She was trained within a structuralist tradition at Michigan, but she discovered generative grammar by herself.  Inoue-sensei once told me that because of the structuralist methodology that she had been immersed into by then, she was initially unable to understand and appreciate the importance of generative grammar when Noam Chomsky gave a talk at Michigan in 1958.  It was not until when she attended Robert Lees’ lectures on transformational grammar at the 1960 LSA Summer Institute that she convinced herself that generative grammar is the right scientific approach to exploring the nature of language.  Her Michigan dissertation (completed in 1964, later published as A Study of Japanese Syntax, The Hague: Mouton, 1969 [E]) was in fact the first book-length, comprehensive generative study of the Japanese language, to be followed by S.-Y. Kuroda’s influential 1965 MIT dissertation.

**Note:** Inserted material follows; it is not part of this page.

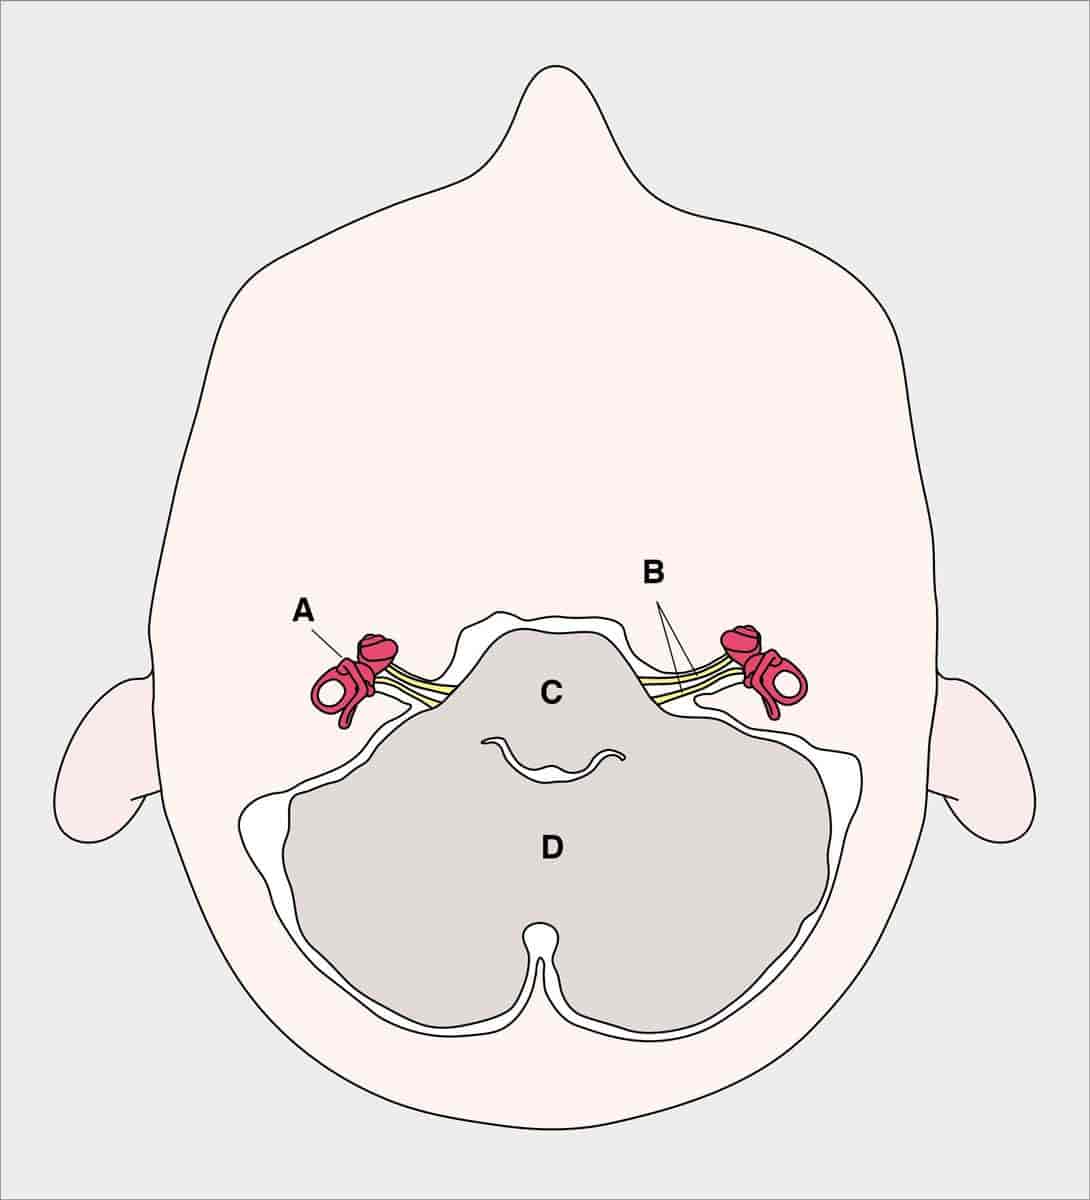 Balanseorganets plassering i hodet
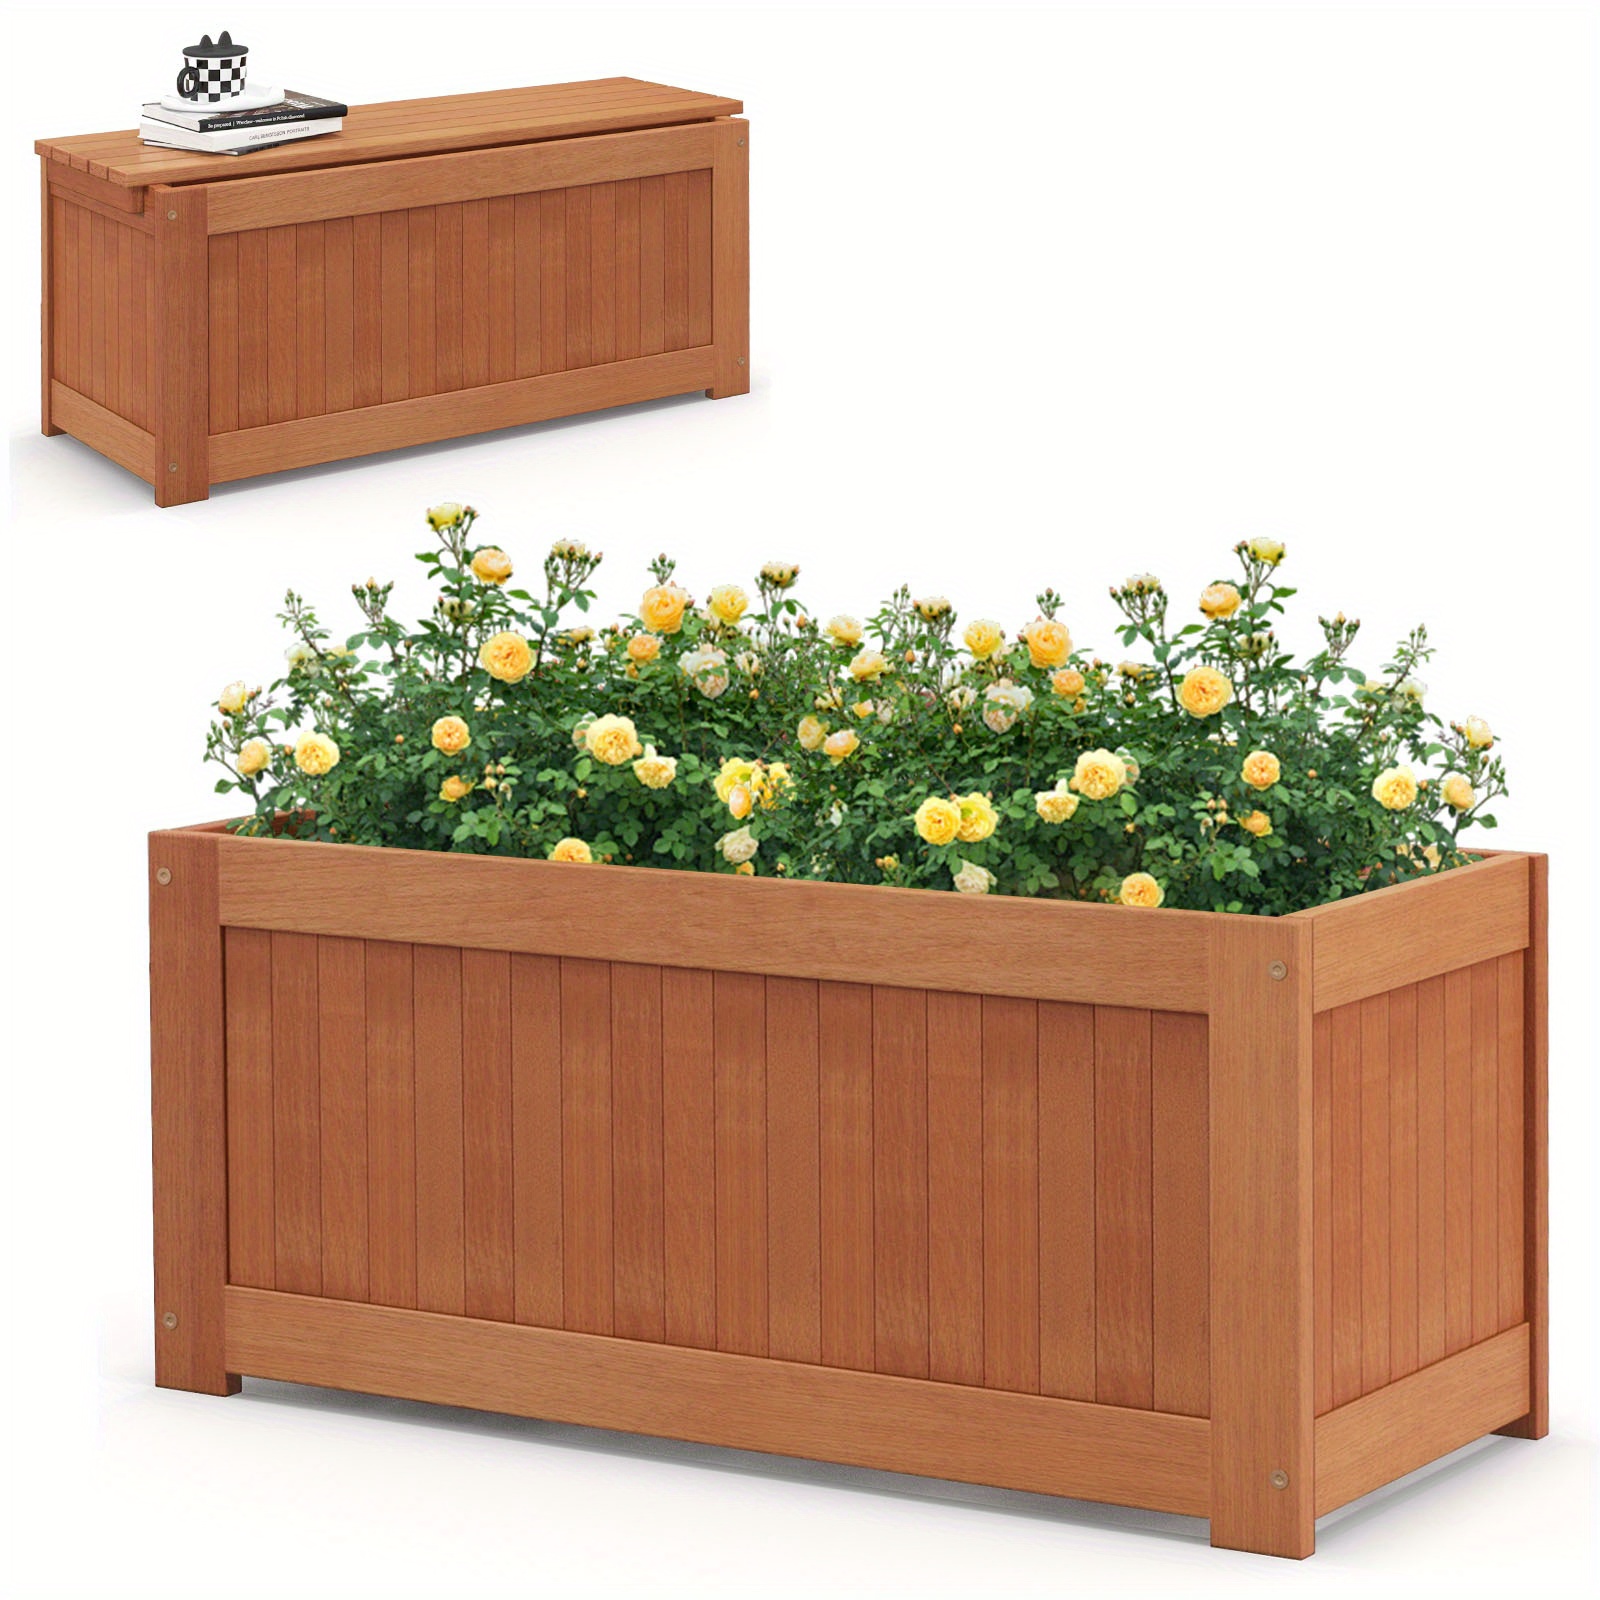 

Costway Wood Outdoor Planter Box W/ Seat 2-in-1 Wooden Raised Garden Bed & Bench

Inoue has since then worked on a wide range of phenomena in Japanese grammar within the generative framework, laying the foundation for generative studies of the language.  She published a two-volume book called Transformational Grammar and the Japanese Language (Tokyo: Taishukan, 1976 [J]), which presents a rather comprehensive and in-depth treatment of Japanese syntax from the generative viewpoint.  This book has remained, until now, as a source of empirical inspirations for anyone who is theoretically oriented and who wants to seriously work on Japanese.  In 1978, only two years after the publication of the two-volume set just mentioned, Inoue published another book Grammatical Rules in Japanese (Tokyo: Taishukan, 1978 [J]), which argues that grammatical transformations (as they were understood at that time) are not really necessary for the grammar of Japanese.  This controversial claim generated much debate among Japanese generative grammarians, invigorating the field that had been a bit stagnant during the 1970s.  Revitalized interest in formal syntax among Japanese grammarians naturally led to thriving research activities in the 1980s, particularly after the emergence of the principles-and-parameters approach around 1980, with the desirable result that in-depth studies of Japanese played a substantial role in developing the general theory of syntax.  Despite her extremely hectic schedule as a high-level administrator — among others, she was the President of Kanda University of International Studies from 1990 to 1997 —, Inoue continued to be productive during this period, publishing various articles and editing many books, including A Concise Encyclopedia of Japanese Grammar (Tokyo: Taishukan, 1989 [J]), which was, a small volume though it may be, a well-balanced theoretical encyclopedia on various facets of Japanese grammar.

In 2009, at the age of 90, Inoue published her last single-authored book Studies on Japanese Generative Syntax and the Development of the Generative Grammatical Theory: The Interface of Sentence-grammar and Discourse (Tokyo: Taishukan, 2009 [J]).  The book investigates the evolution of linguistic theory, from the earliest LSLT model to the most recent “minimalist” framework, going through the standard theory and the earlier phases of the principles-and-parameters model, with a close and careful attention to the history of Japanese generative grammar along the way.  It then discusses in detail how the study of Japanese has contributed, and should be able to contribute in the near future, to the development of general linguistic theory.  Until the last days of her life, I was amazed to learn, Inoue was holding handy by the bed a sixty-page manuscript that she had prepared for her “forthcoming book,” and was trying hard to complete the manuscript.  Her academic life — distinguished by any standards — indeed turned out to be longer than that of most others.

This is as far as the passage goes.